Странной, на первый взгляд, кажется сама близость философа-богослова
Соловьева к атеисту Фету; в одном из многочисленных стихотворений,
обращенных к покойному уже тогда Фету («Песня моря», 1898, ср. «Памяти
А. А. Фета», 1897), Соловьев пытается духовную драму Фета объяснить
атеизмом – «чужое, далекое, мертвое горе». На деле – для Соловьева,
стремящегося и в своей метафизике найти «интеграцию» личности,
восстановление ее цельности, нет ничего странного в попытках ассимиляции и
переработки художественной системы Фета.
Однако внутреннее омертвение присуще и этим завершающим попыткам
Соловьева оправдать метафизику посредством лирического человеческого
образа.
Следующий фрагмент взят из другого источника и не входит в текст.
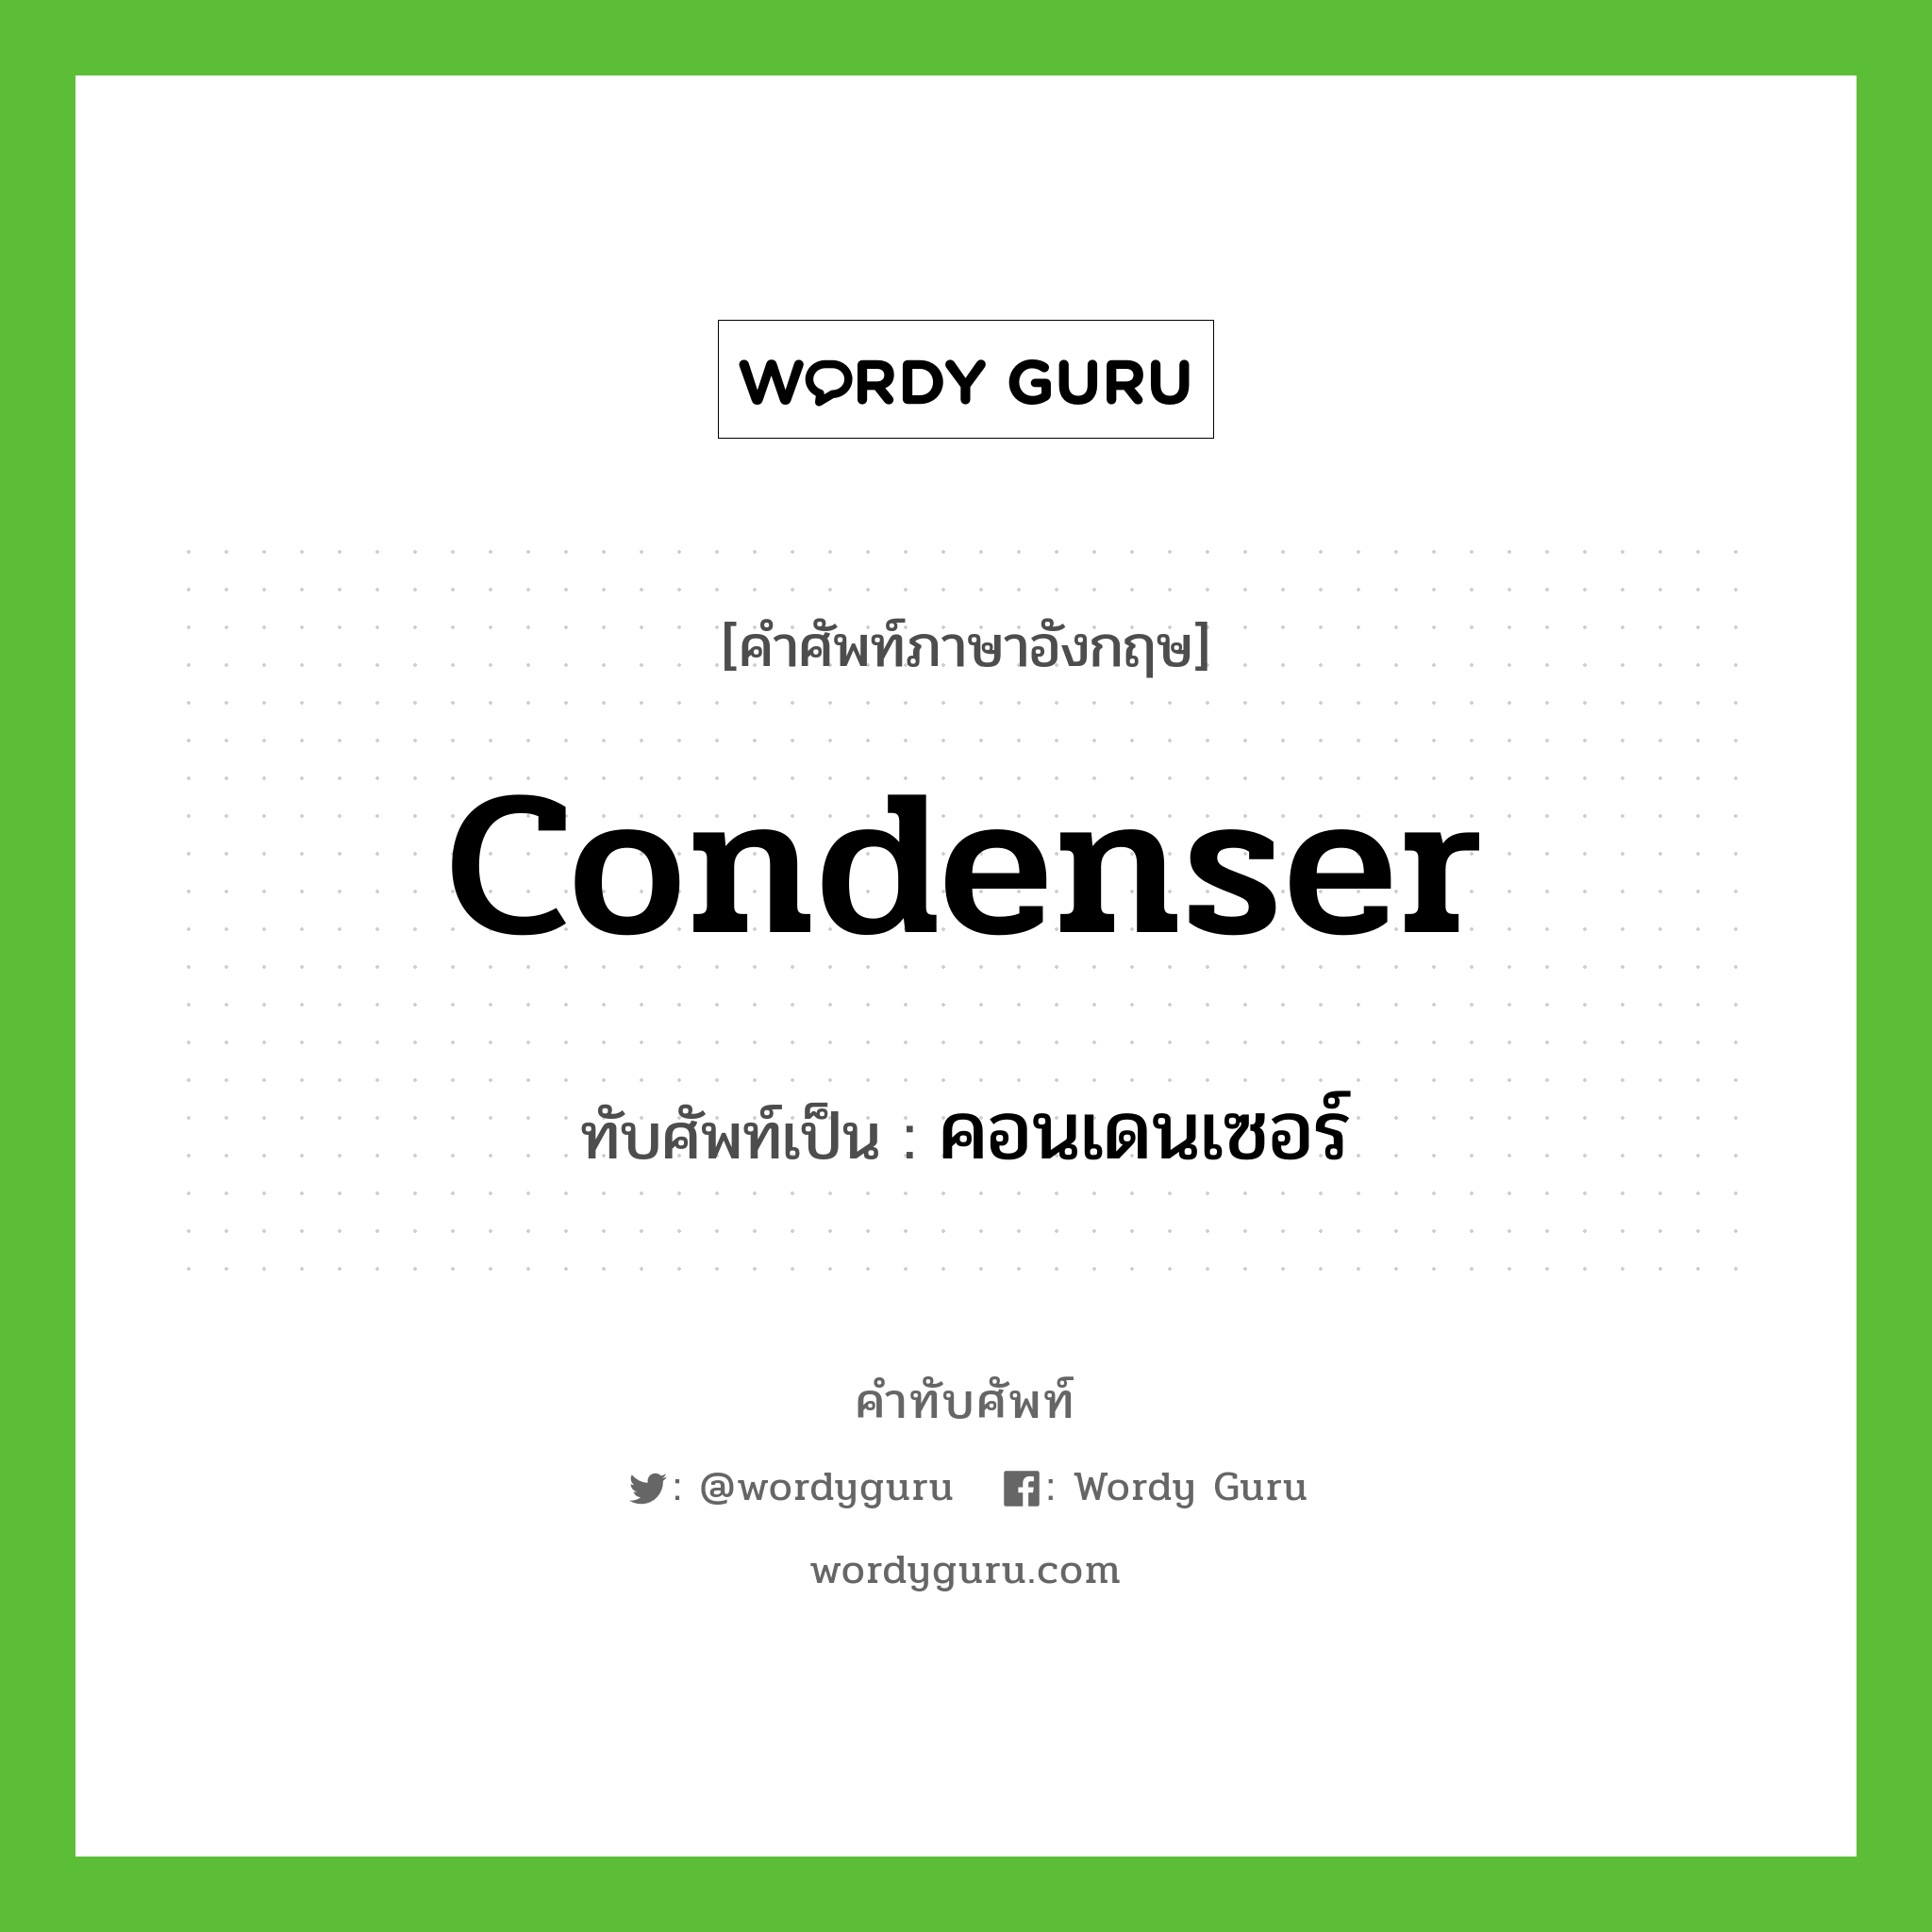 condenser เขียนเป็นคำไทยว่าอะไร?, คำศัพท์ภาษาอังกฤษ condenser ทับศัพท์เป็น คอนเดนเซอร์

Идеальный женский образ, противостоящий разрушительным
тенденциям времени и обычной человеческой жизни, Соловьев пытается
обосновать «исторически»: в «Нильской дельте» Соловьев «новый»,
христианский идеал человеческой цельности противопоставляет обобщенному
образу древнего Египта, созданному, как это и естественно для богослова, в
виде женского египетского божества Изиды; аналогично тому в стихотворении
«Das ewig Weibliche» конструируется образ Эллады в виде богини Афродиты,
которая должна уступить свое место новой, христианской богине, несущей с
собой более высокое совершенство. Даже в форме противопоставления все это,
конечно, неприемлемо для догматической церковности. Соловьев, однако, не
ограничивается противопоставлением, но пытается слить эти образы в
«синтезе»; к морским чертям, сопровождающим Афродиту, автор стихотворения
обращается так:
Лучше вы сами послушайтесь слова, —
Доброе слово для вас я припас:
Божьей скотинкою сделаться снова,
Милые черти, зависит от вас.
Выходит, что Соловьев обращает в христианскую веру чертей. Ясно, что таким
путем созданный образ идеального совершенства отдает уже просто безумием и
никакого подлинного лирического волнения вызвать не в состоянии37.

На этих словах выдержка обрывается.